— Кроме того, скажи Симскому, что Цыплов требует, чтобы он прислал сапоги. Да чтобы сейчас!

— Слушаю-с, — почтительно ответил парашечник.

Оказалось, что кто-то в камере был нездоров, и Симский отдал ему на время свои теплые валенки, а сам взял новые сапоги Цыплова. По миновании надобности валенки были отосланы Симскому, но с возвращением сапог он медлил, оттягивая день за день. А так как ему предстояло скоро выйти на место поселения в Енисейской губернии, то у Цыплова явилось опасение, что и его новые высокие сапоги могут последовать туда же.

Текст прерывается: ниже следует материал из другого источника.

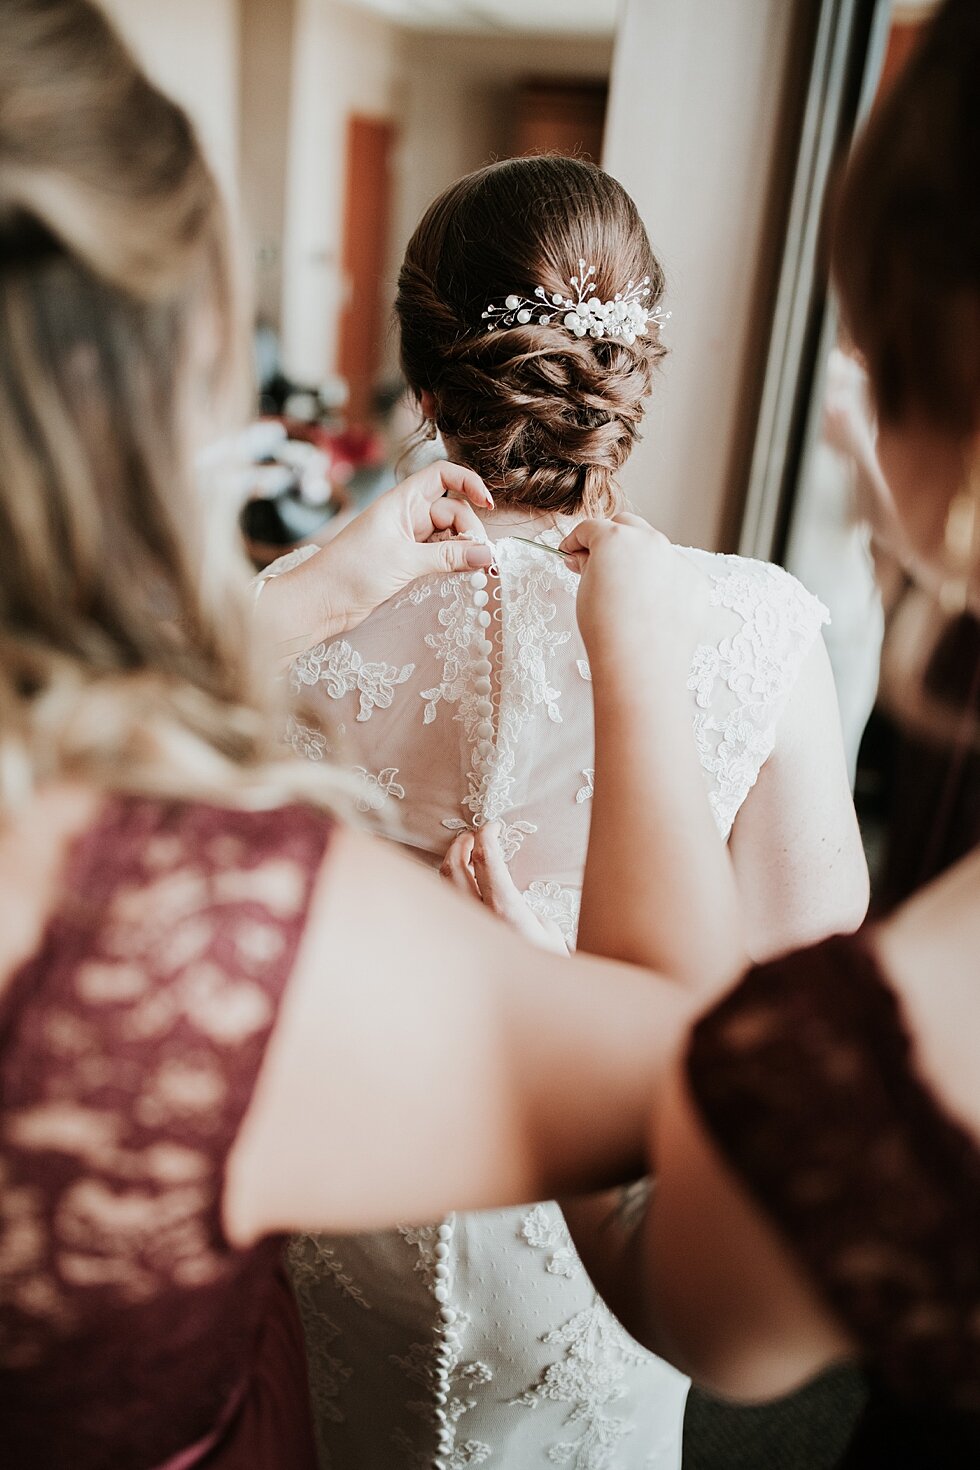  Bride gets ready with bridesmaids at Frazier History Museum   #weddingphotographer #married #ceremonyandreception #indianaphotographer #louisvillephotographer #weddingphotos #husbandandwife #gorgeousweddingown #thewholeweddingpackage #frazierhistory

— Так смотри, чтобы сей-час… Понимаешь!.. — подтвердил Цыплов. Но через некоторое время наш Меркурий вернулся без сапог и вместо этого подал записку. Цыплов прочел, и лицо у него налилось кровью. Симский писал, что 4 мы все социалисты, значит, не признаем собственности… Так может ли между нами быть речь о том, что твое и что мое. Цыплов, весь красный, с взъерошенными усами, схватил тотчас же бумажку и карандаш, уселся за стол и пыхтя, что-то долго писал, с очевидным трудом выводя строки. Кончив, он поднялся и сказал, обращаясь к нам:

— Вот послушайте, что я написал ему…

Голос его прерывался от бешенства. Мы с интересом приготовились выслушать его реплику по поводу социализма, но она была очень кратка и гласила только:

— А я тебе, сукин сын, говорю: отдай мои сапоги!!!

Но последнюю фразу Цыплов произнес с таким бешенством и таким неожиданно громовым голосом, что бедняга Меркурий, человек, очевидно, чрезвычайно робкий, мгновенно вылетел за дверь, и его пришлось вернуть из коридора, чтобы все-таки вручить записку. Цыплов, очевидно, всю силу своего письма, вложил именно в свою бешеную интонацию, не соображая, что интонация не передается почерком. Впрочем, он не ошибся. Робкий Меркурий, очевидно, сумел передать часть своего ужаса Симскому, и через несколько минут сапоги были уже у Цыплова.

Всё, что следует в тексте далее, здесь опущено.